October 15, 2021
According to new research by the ADP Research Institute, People at Work 2021: A Global Workforce View, women are being left behind when it comes to being rewarded financially for taking on new roles or additional responsibilities to fill gaps left by COVID-19 related job losses.
Overall, 68 percent of workers surveyed said they received a pay rise or bonus for doing so, the survey of more than 32,000 workers in 17 countries claims. However, across all regions women were less likely than men to receive one, with only around half of women in Europe, North America, and Latin America being rewarded financially for making these changes, compared to around three in five men.
In the UK specifically, 76 percent of men received a pay rise or bonus for taking on new roles and extra responsibilities, compared to 68 percent of women.
The report explores whether the effects of the pandemic have impacted employees’ attitudes towards the current world of work and what they expect and hope for from the workplace of the future.
The study claims that globally, men and women were just as likely to have taken on additional responsibilities due to COVID-19-related job losses in their organisations (47 percent of men and 46 percent of women said so), and/or to have taken on a new role for the same reason (28 percent for both). The UK average is far lower, with 29 percent of women and 27 percent of men more likely to have taken on additional responsibilities due to COVID-19-related job losses in their organisations. Only half of female employees in the UK believe that their employer is doing enough to close the pay gap and address diversity. Additionally, just over a third of British women do not believe there is pay equality in their organisation, with 52 percent of UK employees reporting that “my company states there is pay equality, but I haven’t seen it”.

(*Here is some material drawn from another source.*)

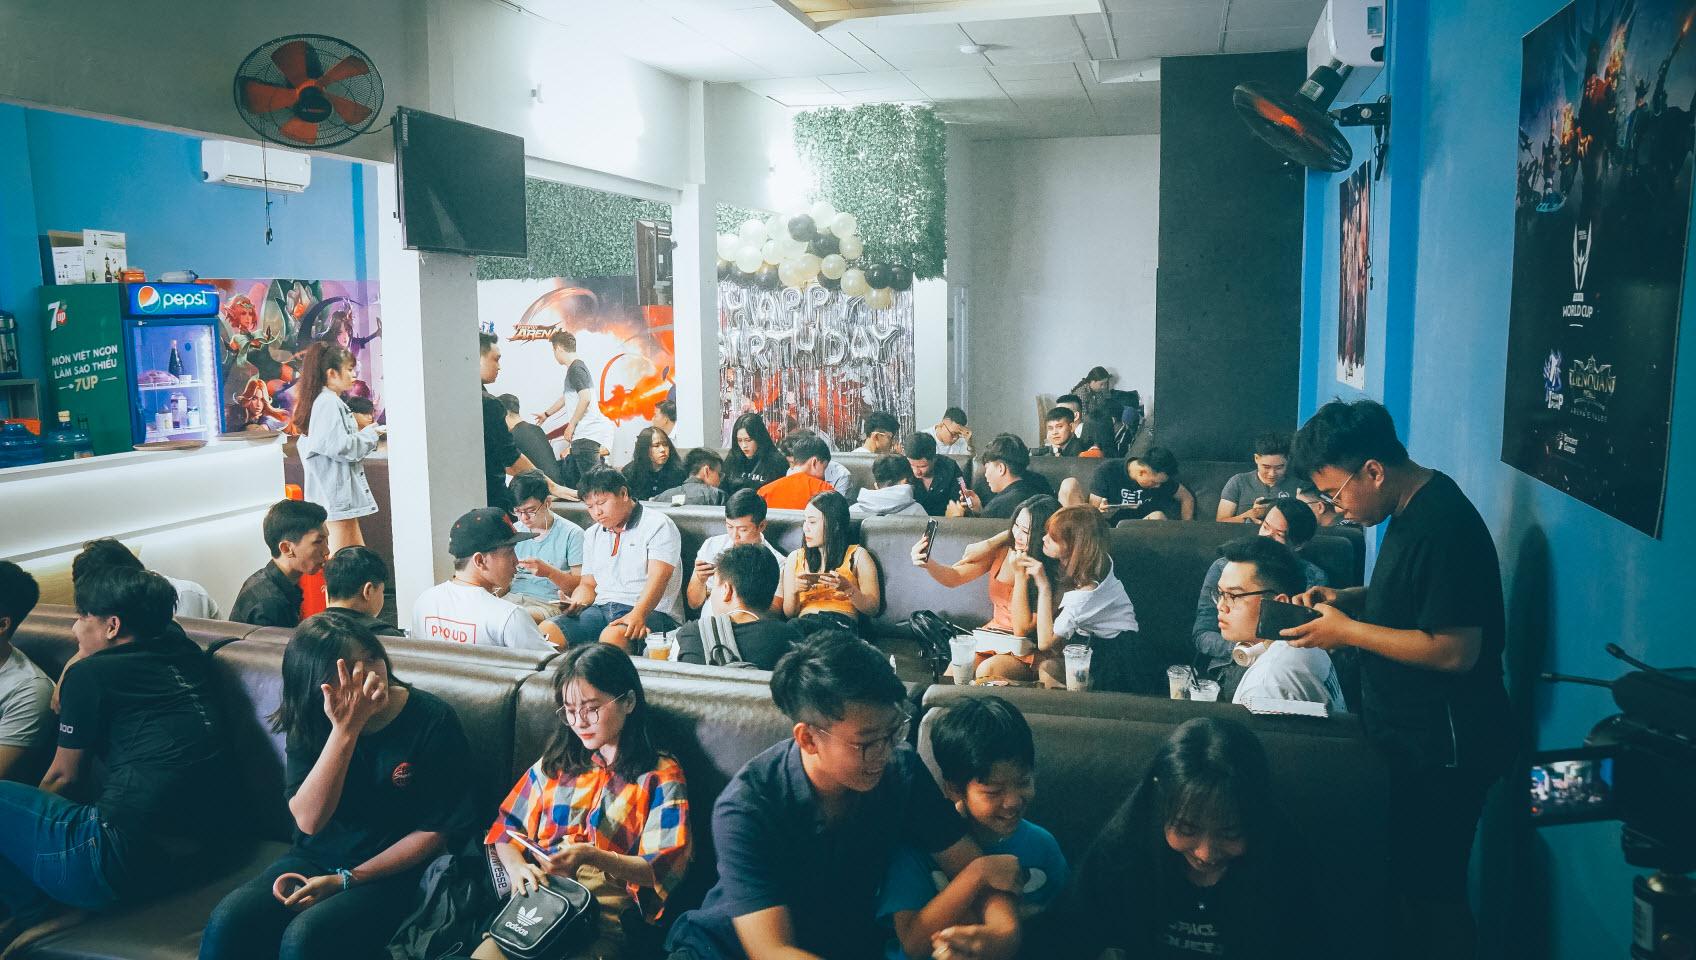 Cộng đồng Rules of Survival tổ chức offline mừng sinh nhật tại Hồ Chí Minh 5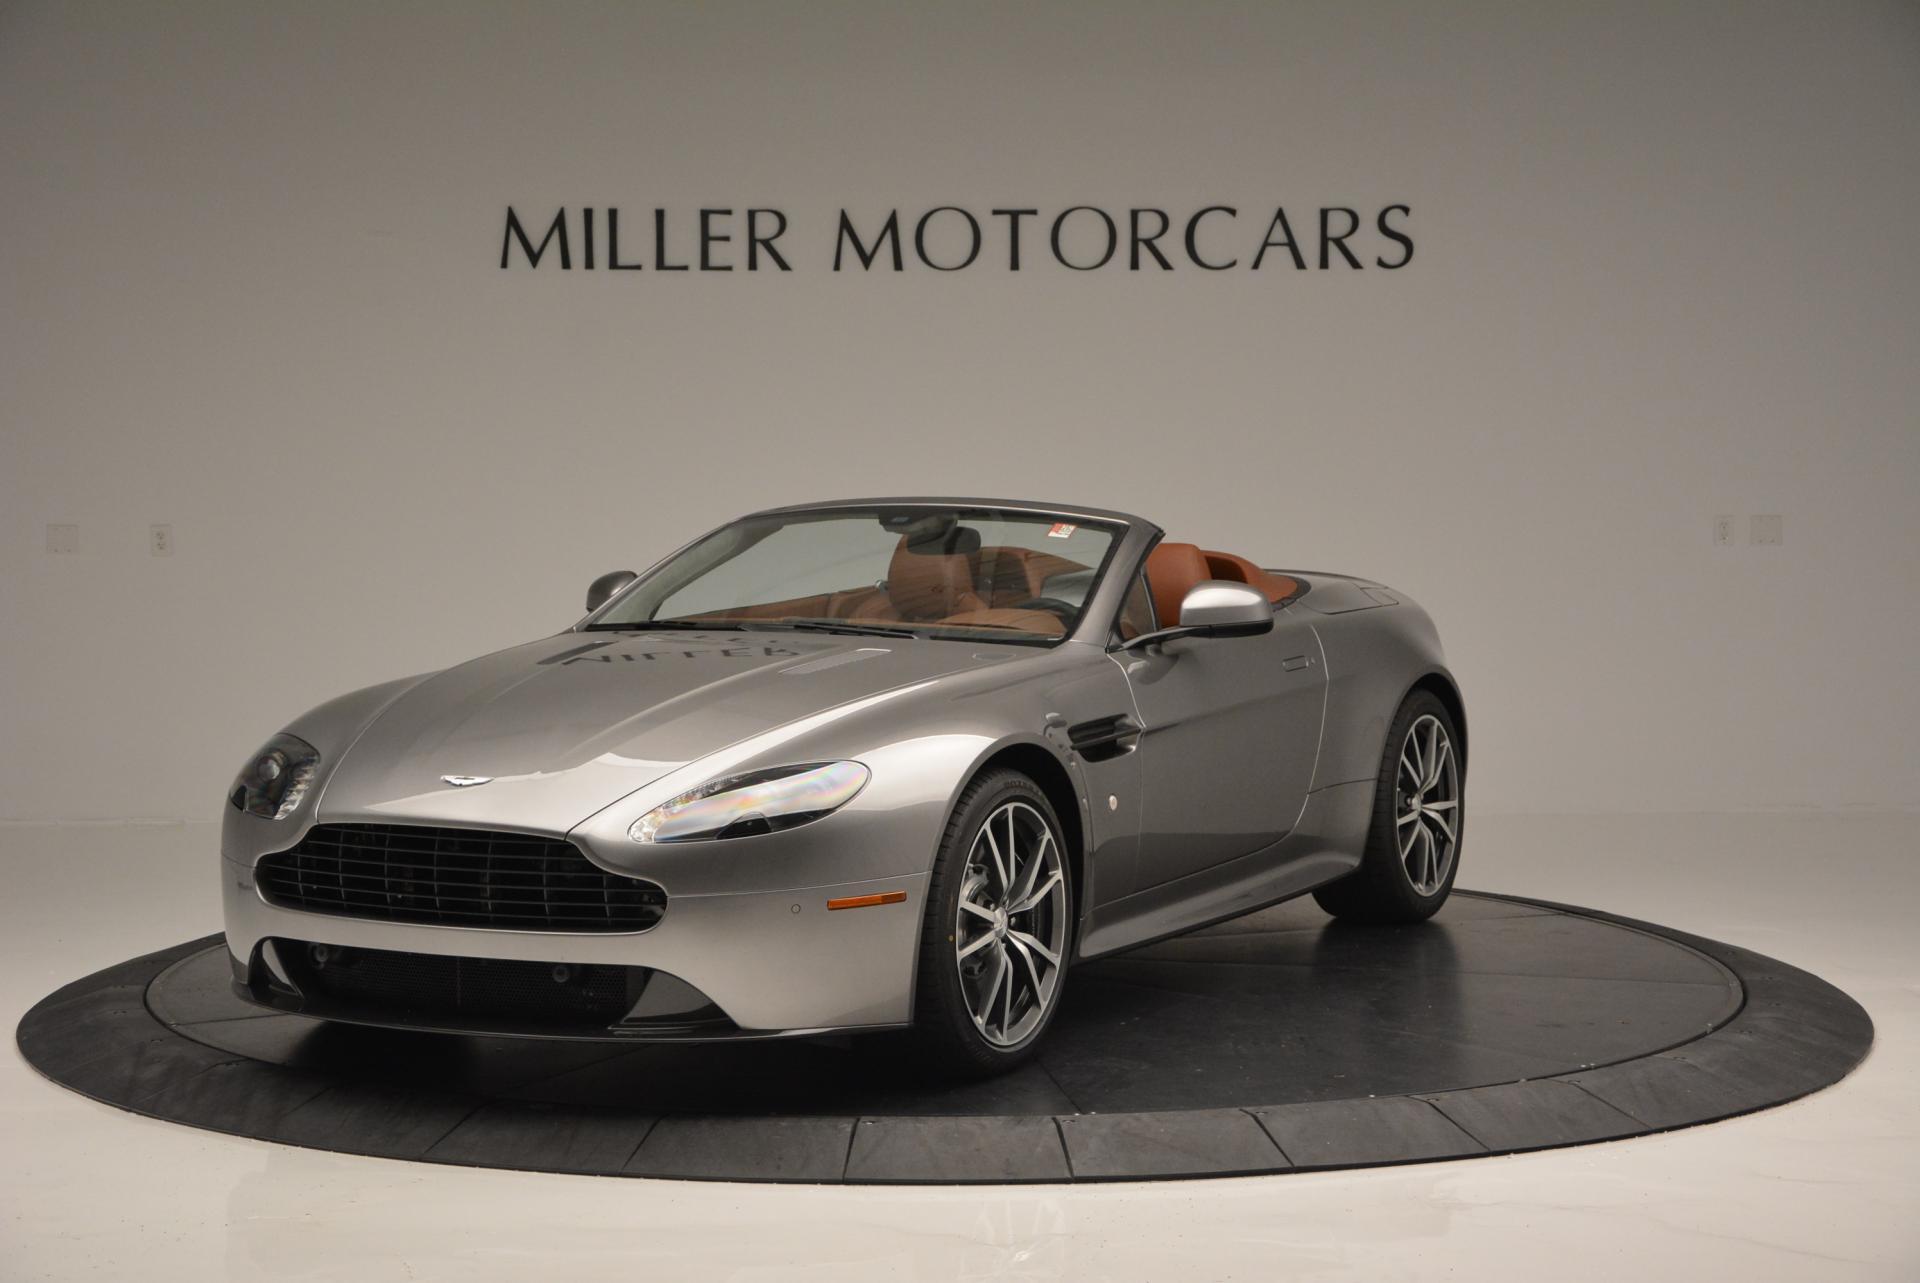 New 2016 Aston Martin V8 Vantage S  For Sale In Greenwich, CT. Alfa Romeo of Greenwich, A1179 88_main

“My company states there is pay equality, but I haven’t seen it”.
Jeff Phipps, Managing Director of ADP UK, comments: “Unfortunately, the gender pay gap appears to still be ingrained in workplaces across the UK, and has potentially been exacerbated by the pandemic. Employees have been stepping up to support their employers in the face of job cuts or restructuring of operations, yet women are not being rewarded as favourably as men for taking on additional responsibilities.”
“Employers must continue to work towards achieving pay equity in their organisations. It has been proven time and time again that diversity is an essential attribute of a successful business, and one that can adapt and innovate in a rapidly changing economic landscape. Ensuring that women are getting a fair chance to progress in their career must be top of mind as we emerge from the pandemic.
“The additional burden of unpaid work has continued to fall mainly on women during the pandemic, and this has taken a toll. I fear that some flexible working models, despite being well intended, could create increased disparity. Companies may shrug their shoulders and say it’s not their job to fix societal issues, or instead, they could choose to shine a light on the issue and play a role in changing behaviours and policies to level the playing field and create a more equitable future.”